Usage: gdal vector concat [OPTIONS] <INPUT>... <OUTPUT>
Concatenate vector datasets.
Positional arguments:
  -i, --input <INPUT>                                        Input vector datasets [1.. values] [required]
  -o, --output <OUTPUT>                                      Output vector dataset [required]
Common Options:
  -h, --help                                                 Display help message and exit
  --json-usage                                               Display usage as JSON document and exit
  --config <KEY>=<VALUE>                                     Configuration option [may be repeated]
  --progress                                                 Display progress bar
Options:
  -l, --layer, --input-layer <INPUT-LAYER>                   Input layer name(s) [may be repeated]
  -f, --of, --format, --output-format <OUTPUT-FORMAT>        Output format ("GDALG" allowed)
  --co, --creation-option <KEY>=<VALUE>                      Creation option [may be repeated]
  --lco, --layer-creation-option <KEY>=<VALUE>               Layer creation option [may be repeated]
  --overwrite                                                Whether overwriting existing output is allowed
  --update                                                   Whether to open existing dataset in update mode
  --overwrite-layer                                          Whether overwriting existing layer is allowed
  --append                                                   Whether appending to existing layer is allowed
  --mode <MODE>                                              Determine the strategy to create output layers from source layers . MODE=merge-per-layer-name|stack|single (default: merge-per-layer-name)
  --output-layer <OUTPUT-LAYER>                              Name of the output vector layer (single mode), or template to name the output vector layers (stack mode)
  --source-layer-field-name <SOURCE-LAYER-FIELD-NAME>        Name of the new field to add to contain identificoncation of the source layer, with value determined from 'source-layer-field-content'
  --source-layer-field-content <SOURCE-LAYER-FIELD-CONTENT>  A string, possibly using {AUTO_NAME}, {DS_NAME}, {DS_BASENAME}, {DS_INDEX}, {LAYER_NAME}, {LAYER_INDEX}
  --field-strategy <FIELD-STRATEGY>                          How to determine target fields from source fields. FIELD-STRATEGY=union|intersection (default: union)
  -s, --src-crs <SRC-CRS>                                    Source CRS
  -d, --dst-crs <DST-CRS>                                    Destination CRS
Advanced Options:
  --if, --input-format <INPUT-FORMAT>                        Input formats [may be repeated]
  --oo, --open-option <KEY>=<VALUE>                          Open options [may be repeated]

DESCRIPTION

gdal vector concat concatenates several source datasets.

It has 3 main modes:

--mode = merge-per-layer-name (the default). The output dataset generated by the command will contain as many layers as there are different layer names in the source datasets. For example if there are 2 datasets, one with layers a and b, and the other one with layers b and c, 3 output layers will be created: a, b (merging the 2 source layers) and c.
--mode = stack. The output dataset generated by the command will contain as many layers as there are layers in the source datasets. For example if there are 2 datasets ds1 (with layers a and b) and ds2 (with layers b and c), 4 output layers will be created: ds1_a, ds1_b, ds2_b and ds2_c.
--mode = single. The output dataset generated by the command will contain one single layer, merging all layers in the source datasets.

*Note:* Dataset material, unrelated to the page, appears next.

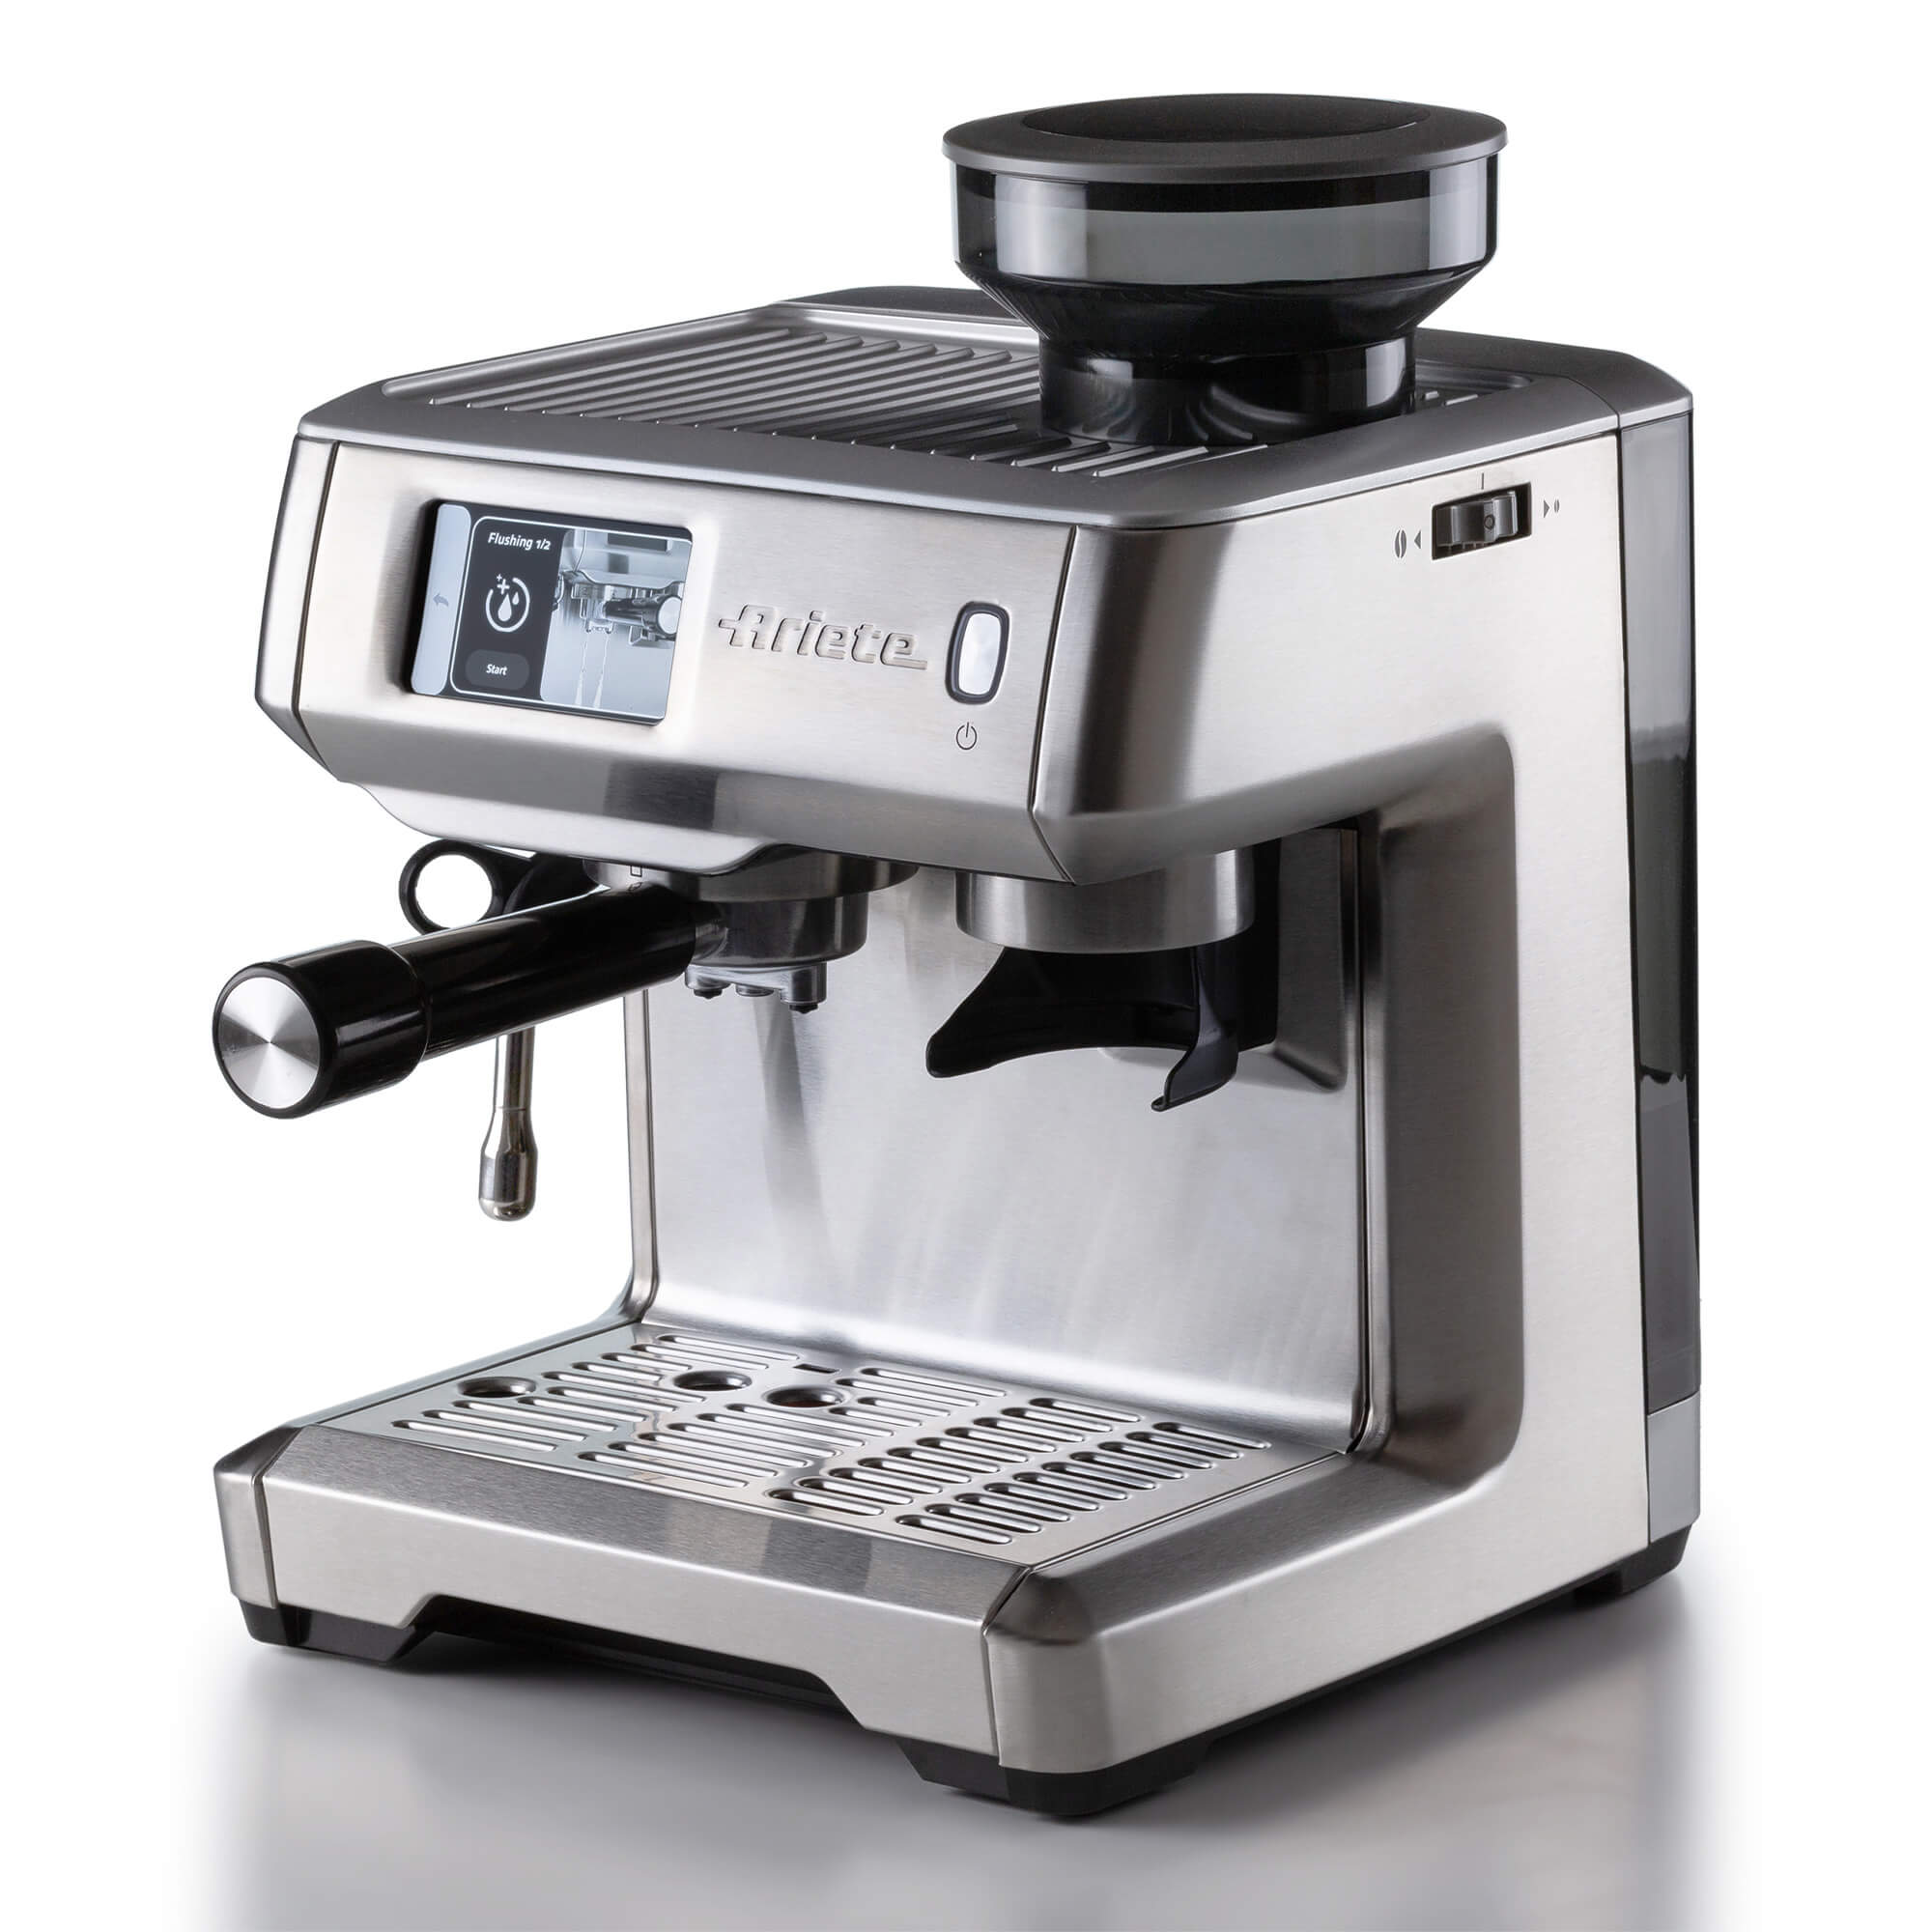 ESE Coffee Machine Silver, Coffee Makers ESE Pods, Espresso Coffee
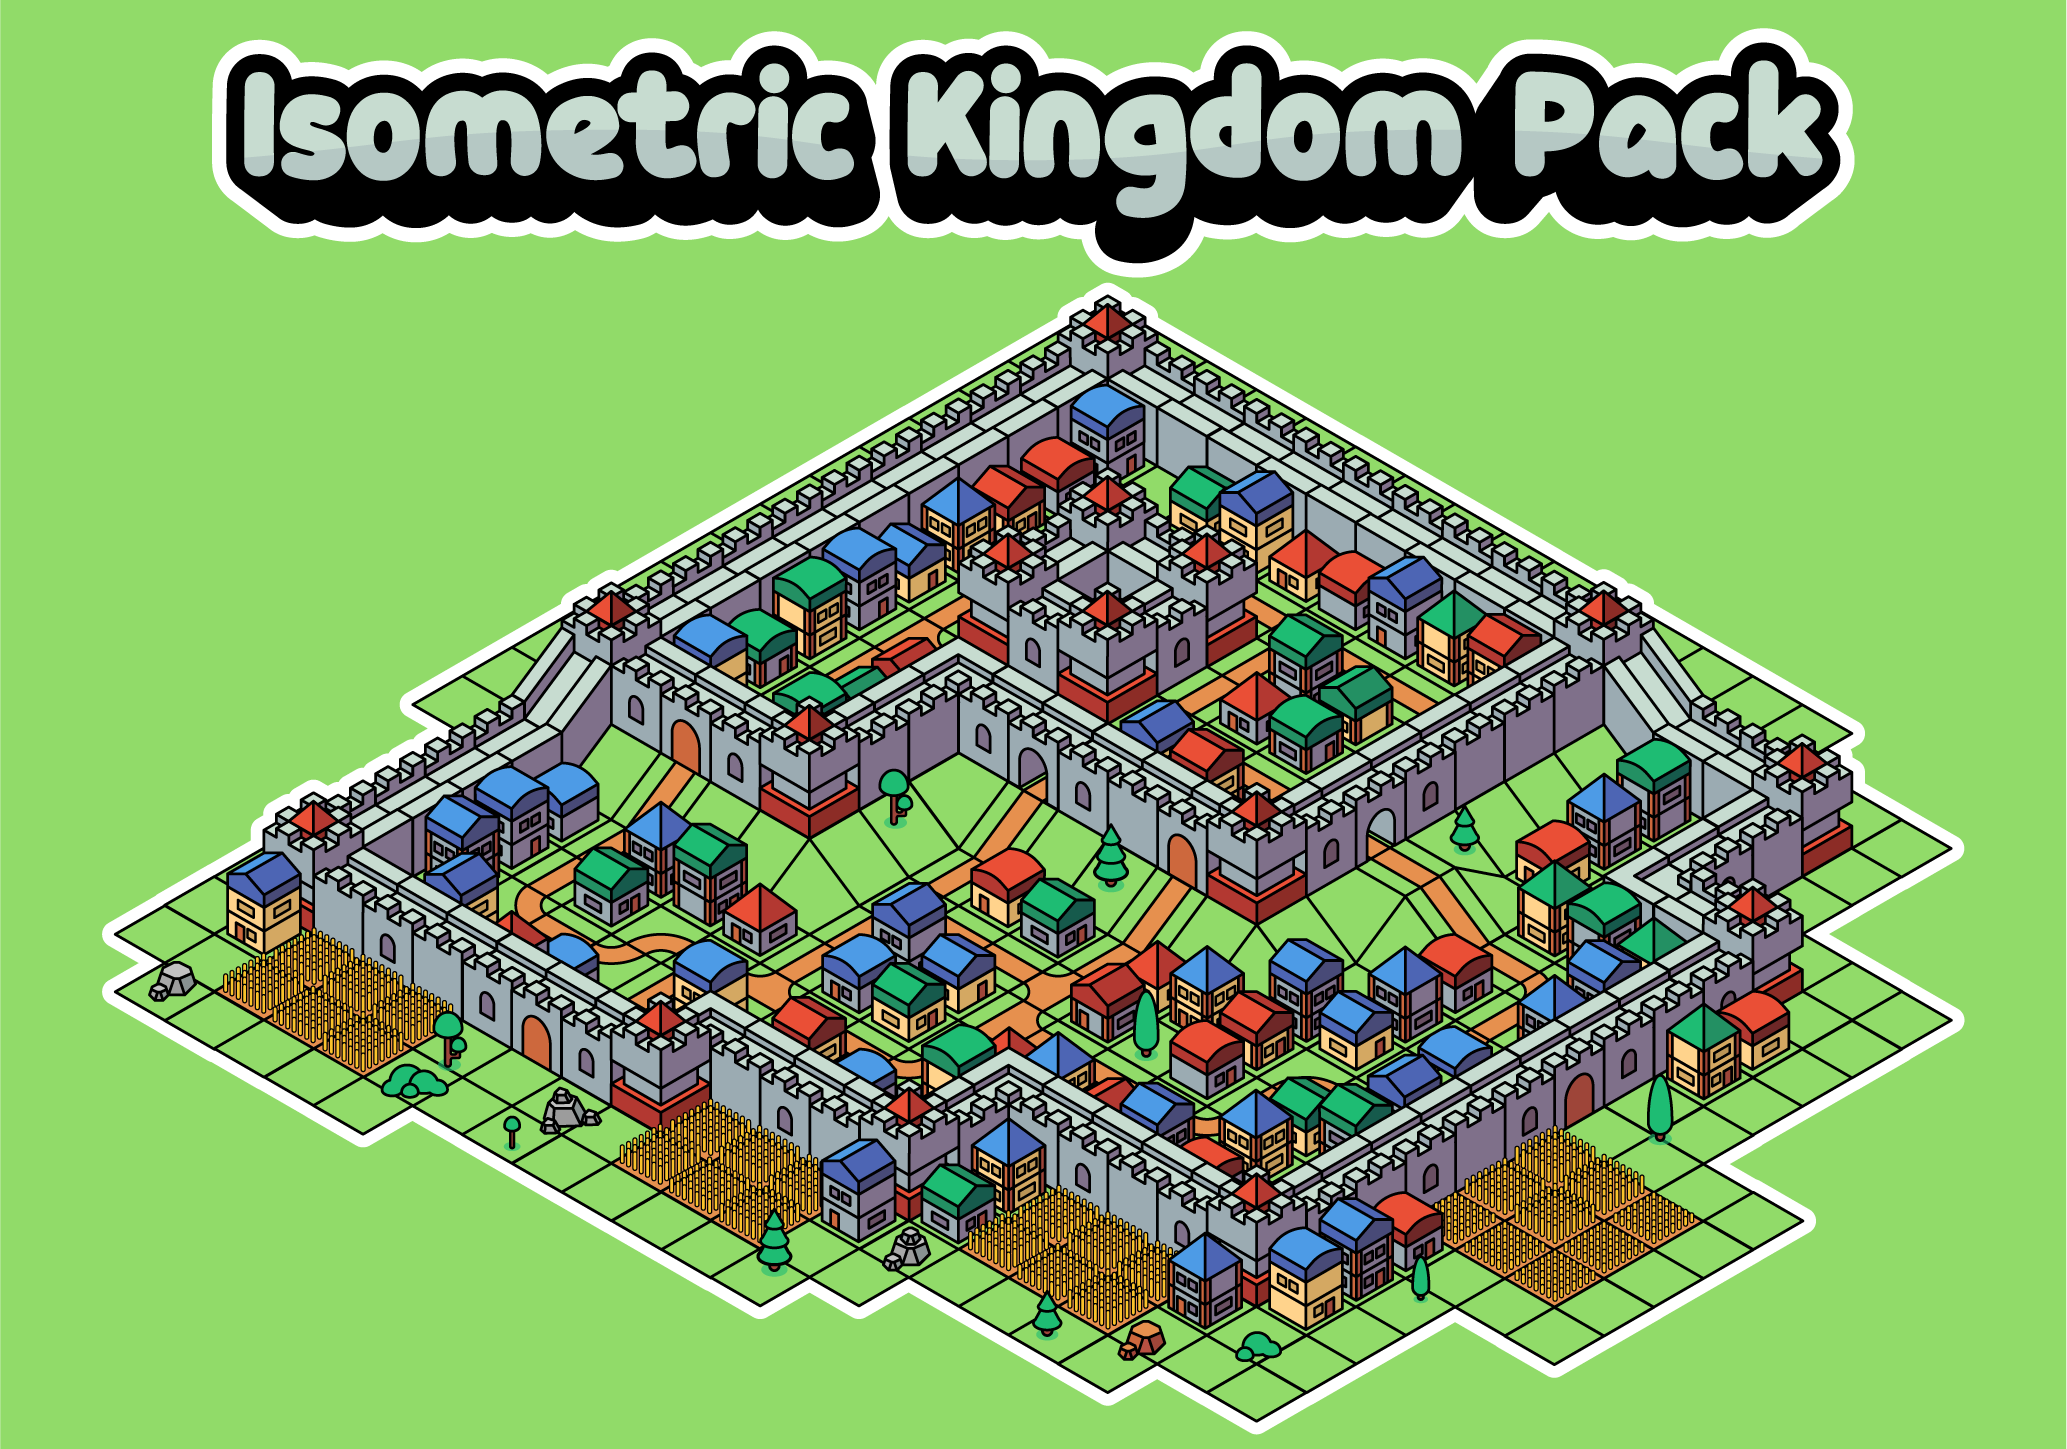 Isometric Kingdom Pack

When an output layer merges several source layer, by default the resulting schema will contain the union of all source fields. It is possible to select only the intersection with the --field-strategy set to intersection. Regarding the resulting CRS, by default the CRS of the source layer will be used as the target CRS, and features of other source layers that do no match this CRS will be reprojected to it. --dst-crs can be used to select a given destination CRS.

This command can also be used as the first step of gdal vector pipeline.

Standard options

-f, --of, --format, --output-format <OUTPUT-FORMAT>: Which output vector format to use. Allowed values may be given by gdal --formats | grep vector | grep rw | sort

--co <NAME>=<VALUE>

Many formats have one or more optional dataset creation options that can be used to control particulars about the file created. For instance, the GeoPackage driver supports creation options to control the version.

May be repeated.

The dataset creation options available vary by format driver, and some simple formats have no creation options at all. A list of options supported for a format can be listed with the --formats command line option but the documentation for the format is the definitive source of information on driver creation options. See Vector drivers format specific documentation for legal creation options for each format.

Note that dataset creation options are different from layer creation options.

--overwrite: Allow program to overwrite existing target file or dataset. Otherwise, by default, gdal errors out if the target file or dataset already exists.

--update: Whether the output dataset must be opened in update mode. Implies that it already exists. This mode is useful when adding new layer(s) to an already existing dataset.

--overwrite-layer: Whether overwriting existing layer(s) is allowed.

--append: Whether appending features to existing layer(s) is allowed

-l, --layer, --input-layer <LAYER>: Name of one or more layers to inspect. If no layer names are passed, then all layers will be selected.

--output-layer <OUTPUT-LAYER>: Name of the output vector layer (in single mode, and the default is "merged"), or template to name the output vector layers in stack mode (the default value is {AUTO_NAME}). Not allowed in merge-per-layer-name mode.
The template in stack mode can be a string with the following variables that will be substituted with a value computed from the input layer being processed:

{AUTO_NAME}: equivalent to {DS_BASENAME}_{LAYER_NAME} if both values are different, or {LAYER_NAME} when they are identical (case of shapefile).
{DS_NAME}: name of the source dataset
{DS_BASENAME}: base name of the source dataset
{DS_INDEX}: index of the source dataset
{LAYER_NAME}: name of the source layer
{LAYER_INDEX}: index of the source layer

--mode merge-per-layer-name|stack|single: Determine the strategy to create output layers from source layers. See introductory paragraph for more details.

--source-layer-field-name <SOURCE-LAYER-FIELD-NAME>: If specified, the schema of the target layer will be extended with a field whose name is the value of this option and whose content is determined --source-layer-field-content.

--source-layer-field-content <SOURCE-LAYER-FIELD-CONTENT>: If specified, the schema of the target layer will be extended with a new field (whose name is given by --source-layer-field-name, or source_ds_lyr otherwise), whose content is determined by the specified template (see --output-layer for variables that can be used).

--field-strategy union|intersection: Determines how the schema of the target layer is built from the schemas of the input layers:

union (default) to use a super-set of all the fields from all source layers.
intersection to use a sub-set of all the common fields from all source layers.

-s, --src-crs <SRC-CRS>

Set source spatial reference. If not specified the SRS found in the input dataset will be used.

The coordinate reference systems that can be passed are anything supported by the OGRSpatialReference.SetFromUserInput() call, which includes EPSG Projected, Geographic or Compound CRS (i.e. EPSG:4296), a well known text (WKT) CRS definition, PROJ.4 declarations, or the name of a .prj file containing a WKT CRS definition.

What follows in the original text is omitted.